The app0 partition of type app is indeed configured with a size of 0x300000 (3,145,728 bytes) in the huge_app.csv partition scheme:

# Name,   Type, SubType, Offset,  Size, Flags
nvs,      data, nvs,     0x9000,  0x5000,
otadata,  data, ota,     0xe000,  0x2000,
app0,     app,  ota_0,   0x10000, 0x300000,
spiffs,   data, spiffs,  0x310000,0xE0000,
coredump, data, coredump,0x3F0000,0x10000,

# Name,   Type, SubType, Offset,  Size, Flags
nvs,      data, nvs,     0x9000,  0x5000,
otadata,  data, ota,     0xe000,  0x2000,
app0,     app,  ota_0,   0x10000, 0x300000,
spiffs,   data, spiffs,  0x310000,0xE0000,
coredump, data, coredump,0x3F0000,0x10000,

Once compiled, the firmware occupies 2,193,976 bytes of flash memory. This is well below the maximum of 3,145,728 bytes (3 MB) reserved for our APP partition.

The sketch uses 2,193,976 bytes (69%) of program storage space. The maximum is 3,145,728 bytes.  
Global variables use 100,740 bytes (30%) of dynamic memory, leaving 226,940 bytes for local variables. The maximum is 327,680 bytes.

The sketch uses 2,193,976 bytes (69%) of program storage space. The maximum is 3,145,728 bytes.  
Global variables use 100,740 bytes (30%) of dynamic memory, leaving 226,940 bytes for local variables. The maximum is 327,680 bytes.

Internal SRAM and external PSRAM of XIAO ESP32-C5

If the program compiles correctly with the Huge APP (3MB No OTA/1MB SPIFFS) partition scheme, an error occurs when running this program on the XIAO ESP32-C5 module!

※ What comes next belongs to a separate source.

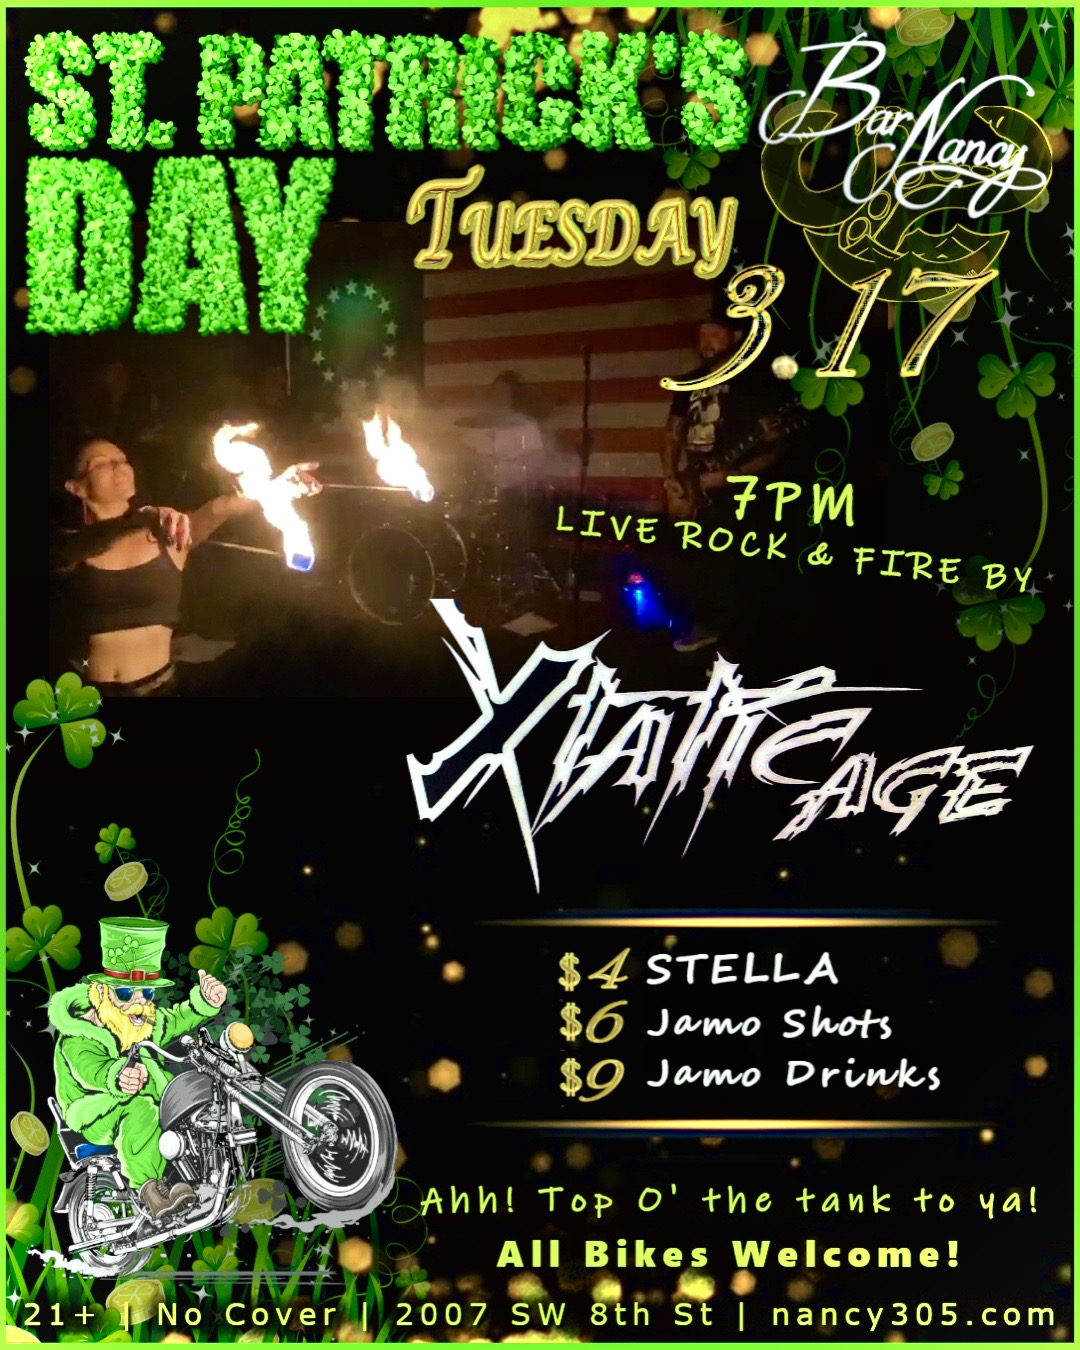 St. Patrick's Day Bike Nite! Live Rock & Fire By: Xtatic Age! at Bar Nancy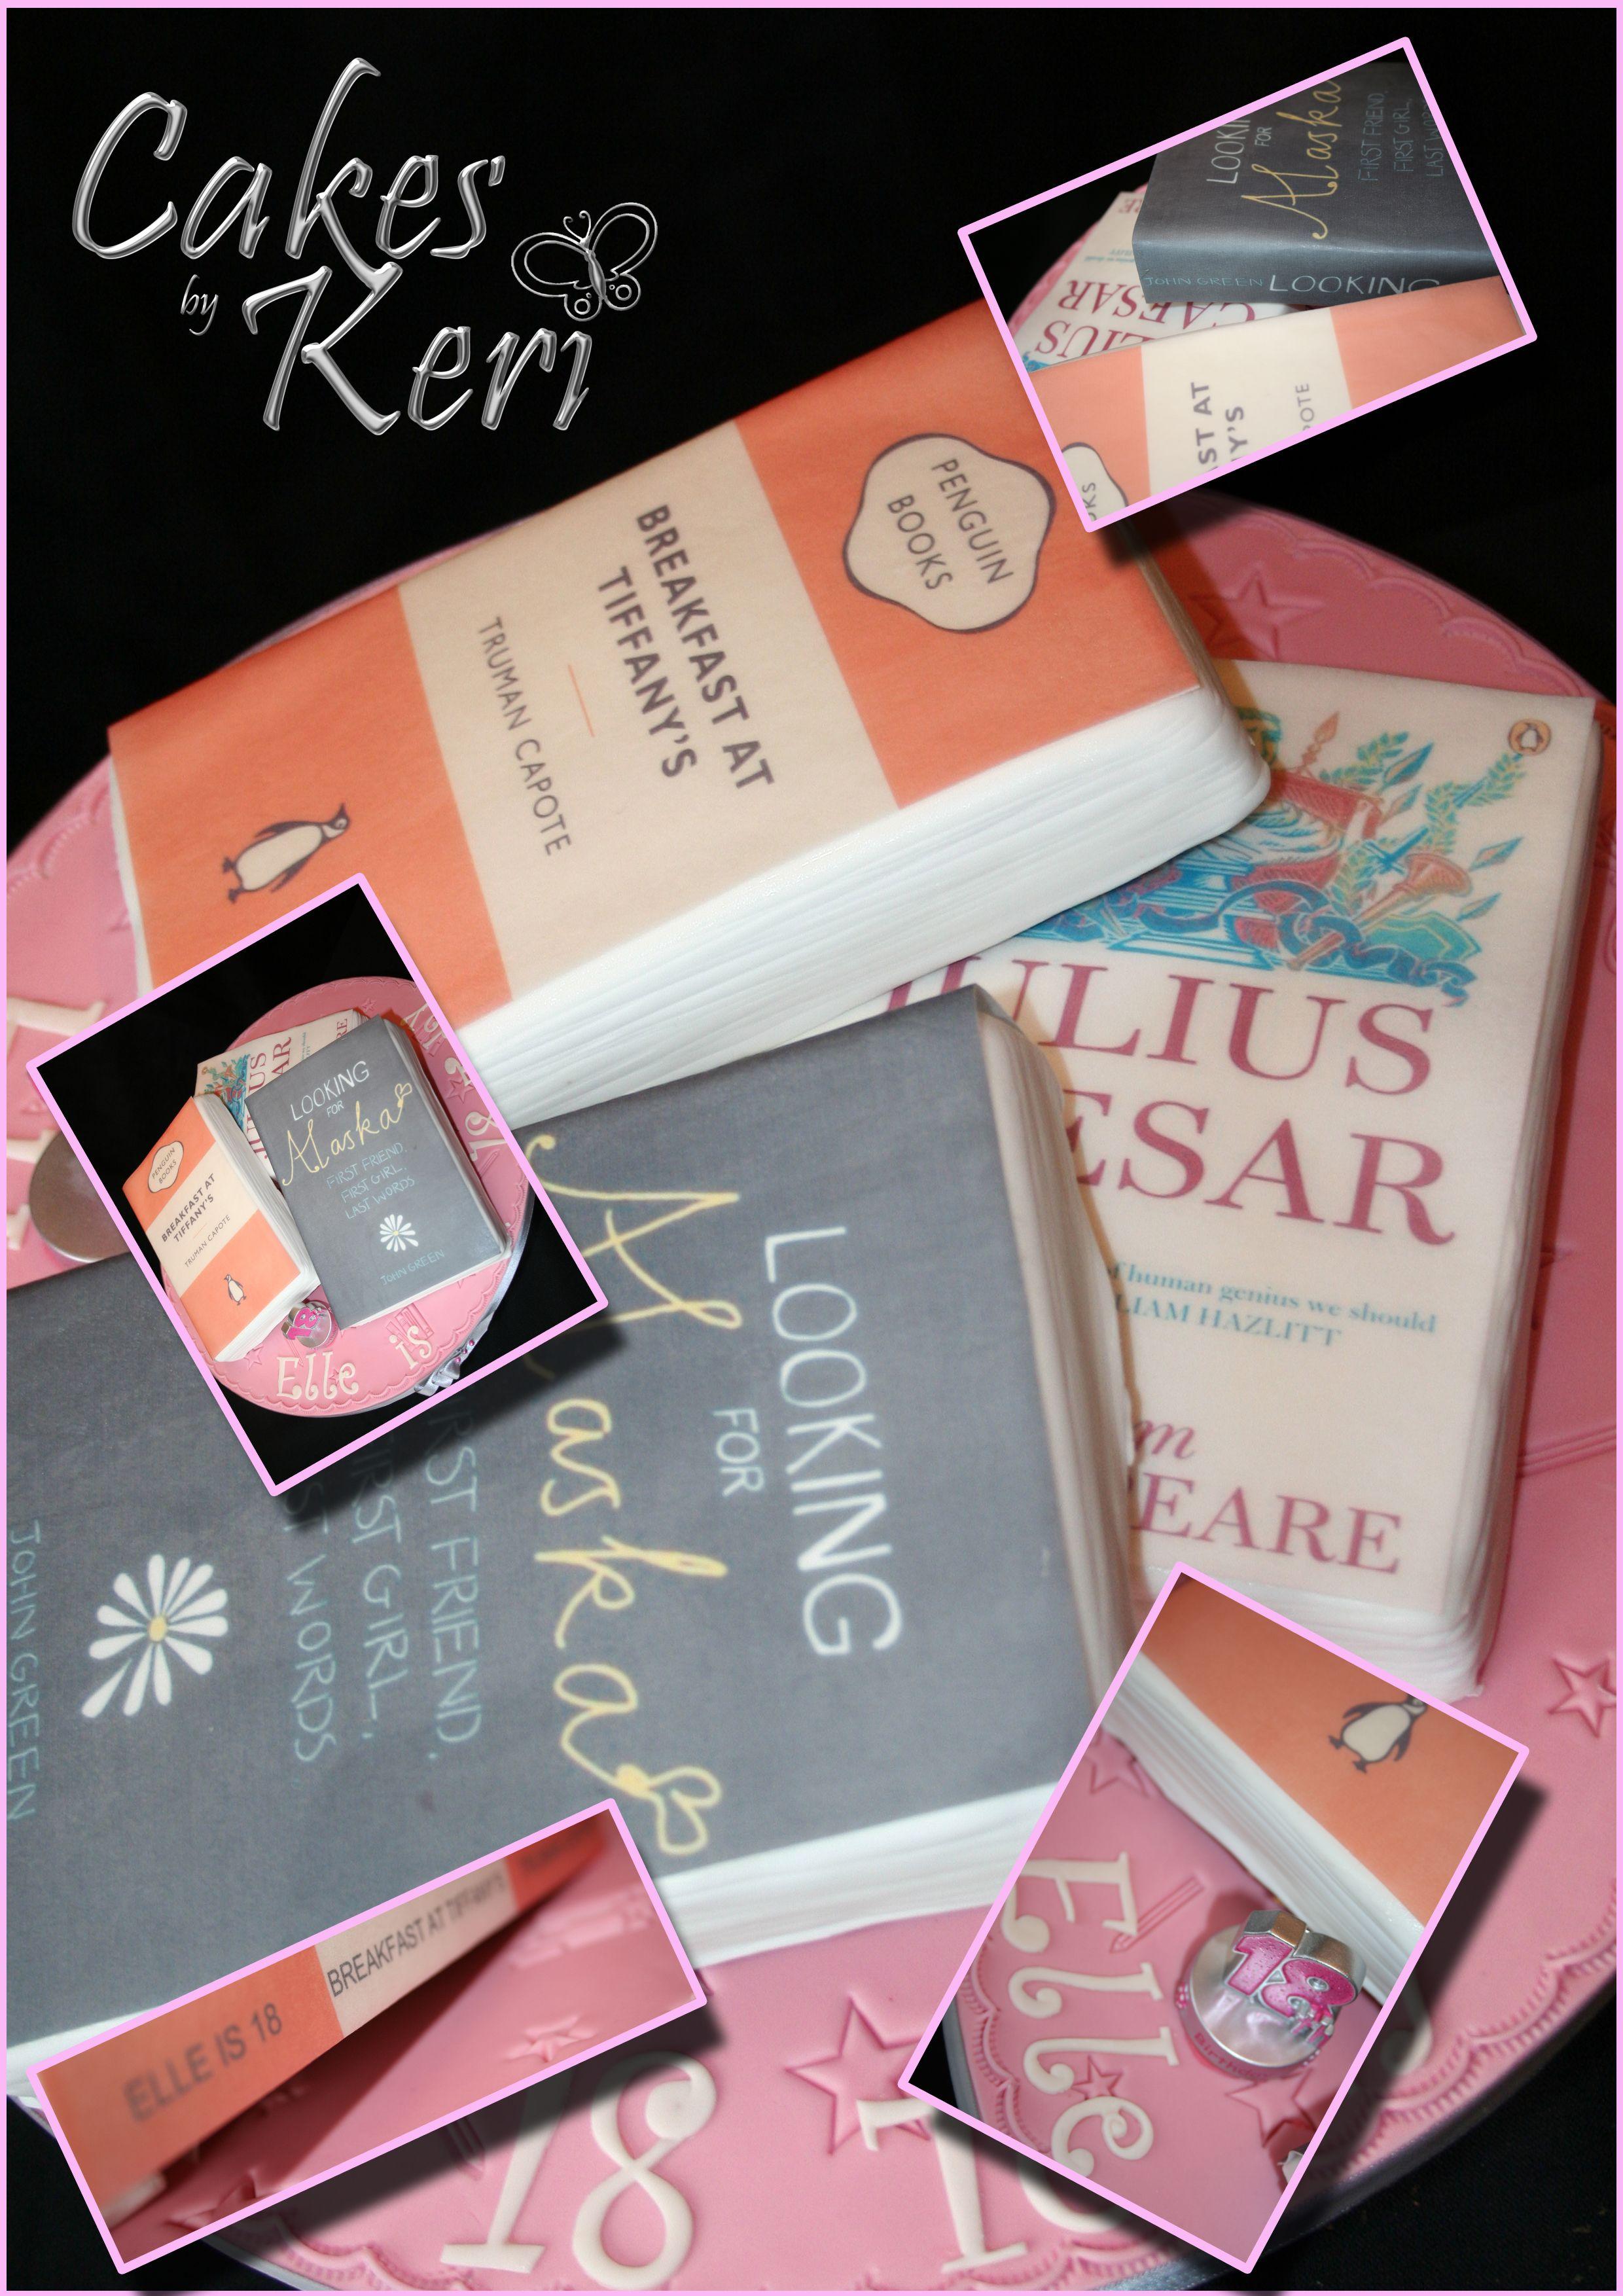 Vanilla Sponge, Fondant icing with edible book covers

The Arduino IDE serial monitor indeed displays a message indicating failure to create the message buffer memory pool:

E (1166) OPENTHREAD: Failed to create message buffer pool
assert failed: otPlatMessagePoolInit esp_openthread_messagepool.c:25 (false)

E (1166) OPENTHREAD: Failed to create message buffer pool
assert failed: otPlatMessagePoolInit esp_openthread_messagepool.c:25 (false)

Going back to the beginning of this tutorial, you should remember that dynamic memory allocation is done in SRAM. And it turns out that the ESP32-C5 microcontroller’s internal SRAM is limited to 384 KB. And it seems that this program requires more SRAM memory.

This is where the 8 MB PSRAM of the XIAO ESP32-C5 module comes in. PSRAM is external memory (connected via SPI), designed to emulate SRAM but using DRAM (Dynamic RAM) technology.

However, this 8 MB PSRAM is not enabled by default in the ESP32 configuration of the Arduino IDE.

In the Arduino IDE, PSRAM is not always automatically enabled for all ESP32 modules, even if the hardware supports it. For the XIAO ESP32-C5, you must explicitly enable PSRAM in the IDE settings.